6 Factors to Consider When Seeking Coverage
If you do decide that a long-term care policy is right for you, Knolle says, it’s best to follow a few basic steps:
1. Check your available coverage. Research whether your employer offers a group long-term care insurance plan. The benefits may not be extensive, Knolle says, but these plans may be more affordable. And be sure to look into how the coverage and/or premiums may change when you leave your employer.
2. Consider your family’s medical history. “Look at your family history to see if there’s a track record of people needing care,” as well as what type, Knolle says. These details may influence the kind of policy you buy.
3. Calculate your costs. The next step is to estimate what long-term care might cost in your area. There are a number of good online calculators, including this one from AARP, that compare the costs of various types of care by state and metro area. The difference in nursing home care, for instance, can be tens of thousands a year, depending on the state you call home.
4. Weigh whether to save or insure. Inflate your long-term care expenses out to when you will actually need the care—age 80 is a good starting point—and then “ask whether you want to cover that cost yourself,” Knolle says. “Maybe you set money aside, which may be an option for a young woman. Or you ultimately decide that you want to pass the risk to an insurance company.”
5. Shop around. It’s critical to get quotes from a number of different insurers. A recent study of long-term care insurance rates found that the difference in premiums for identical policies could range between 31% to as much as 114% among insurers. “One insurer will literally charge more than double for virtually the same level of benefits,” Slome says.
But if you do your homework, long-term care “doesn’t have to be unaffordable,” Knolle adds. “There are lots of bells and whistles to tailor it to what you need.”
Four major factors people should consider when shopping for a policy are the daily benefit, the cost of living adjustment, the elimination period and the length of coverage. “Those are the four things we play around with when we run quotes,” Knolle says.

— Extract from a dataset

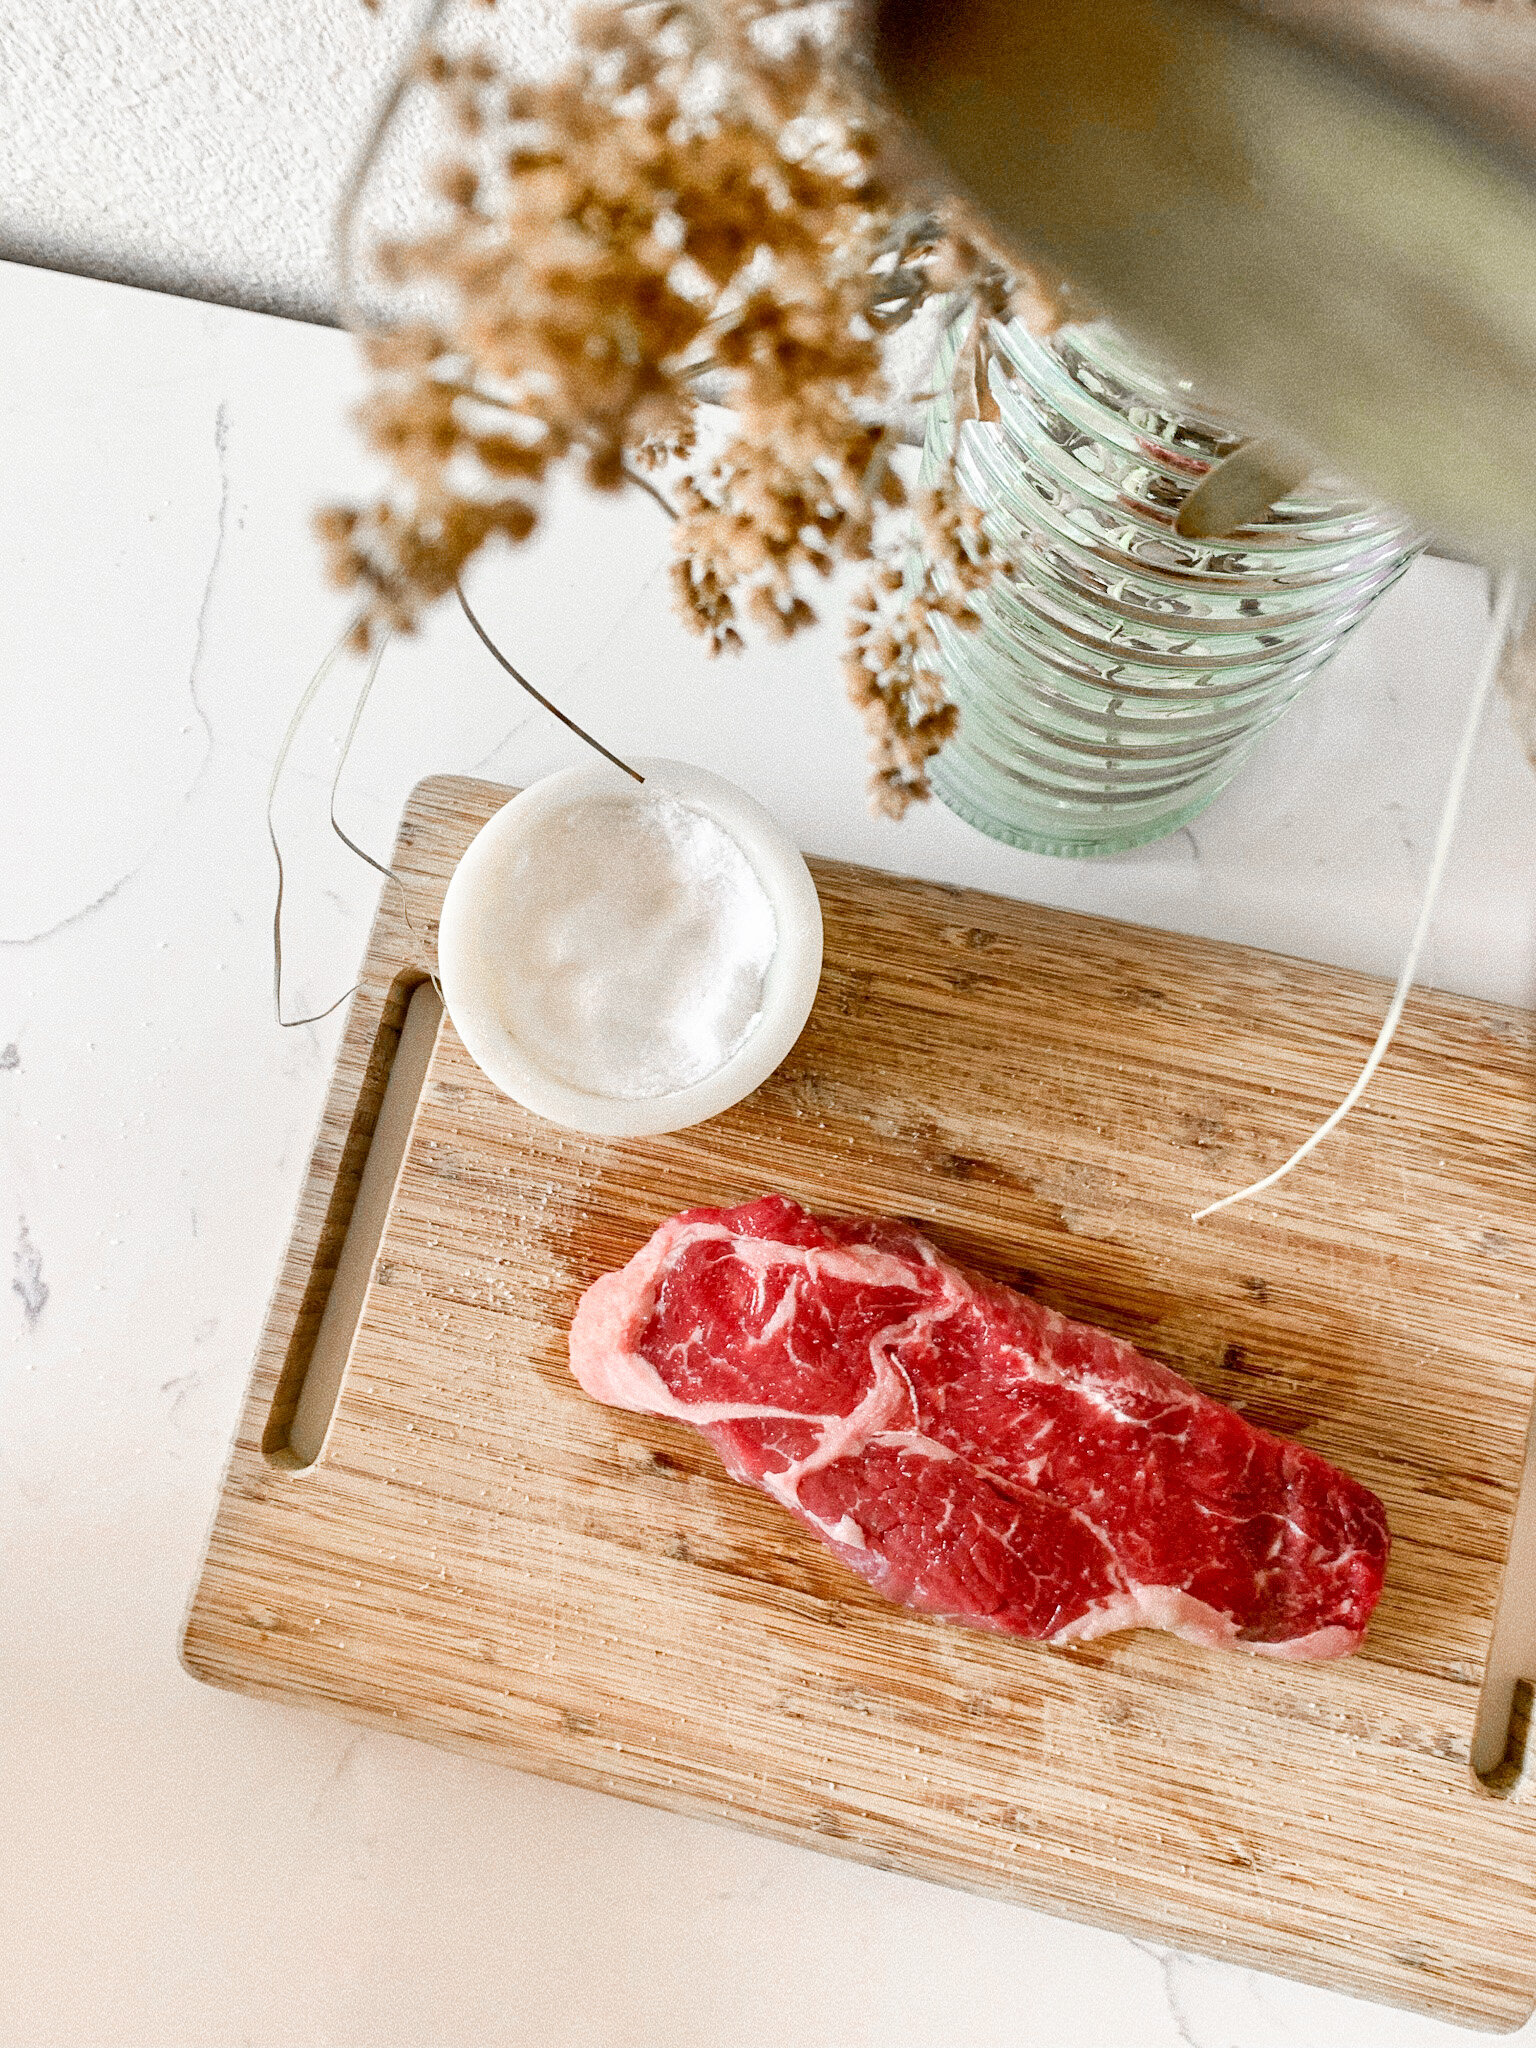 Seasoning the NY-strip steak with salt

If you decide that a standalone long-term care policy is still too pricey, consider a life insurance policy that includes a long-term care rider. “It’s not perfect,” she says, “but at least you would have some coverage. It doesn’t have to be all or nothing—something is better than saying it’s too expensive and not dealing with it.”
Additionally, you can also consider a policy that covers both at-home care and nursing home care, since the majority of elder care starts in the home. And if it’s offered in your state, look into the benefits of using a “partnership” policy.
6. Finally, talk to loved ones. Regardless of what you decide, discuss your choices with your family, Knolle says. “No one wants to say, ‘I’m going to need help to cook and bathe.’ No one wants to think they will get Alzheimer’s. It’s not a fun topic.”
But your family needs to know what your preferences are, especially since they could be on the hook for costs if you haven’t prepared. Your health “can affect your children and their financial well-being,” Knolle says. “Most women don’t want their kids to feel burdened to take care of them.”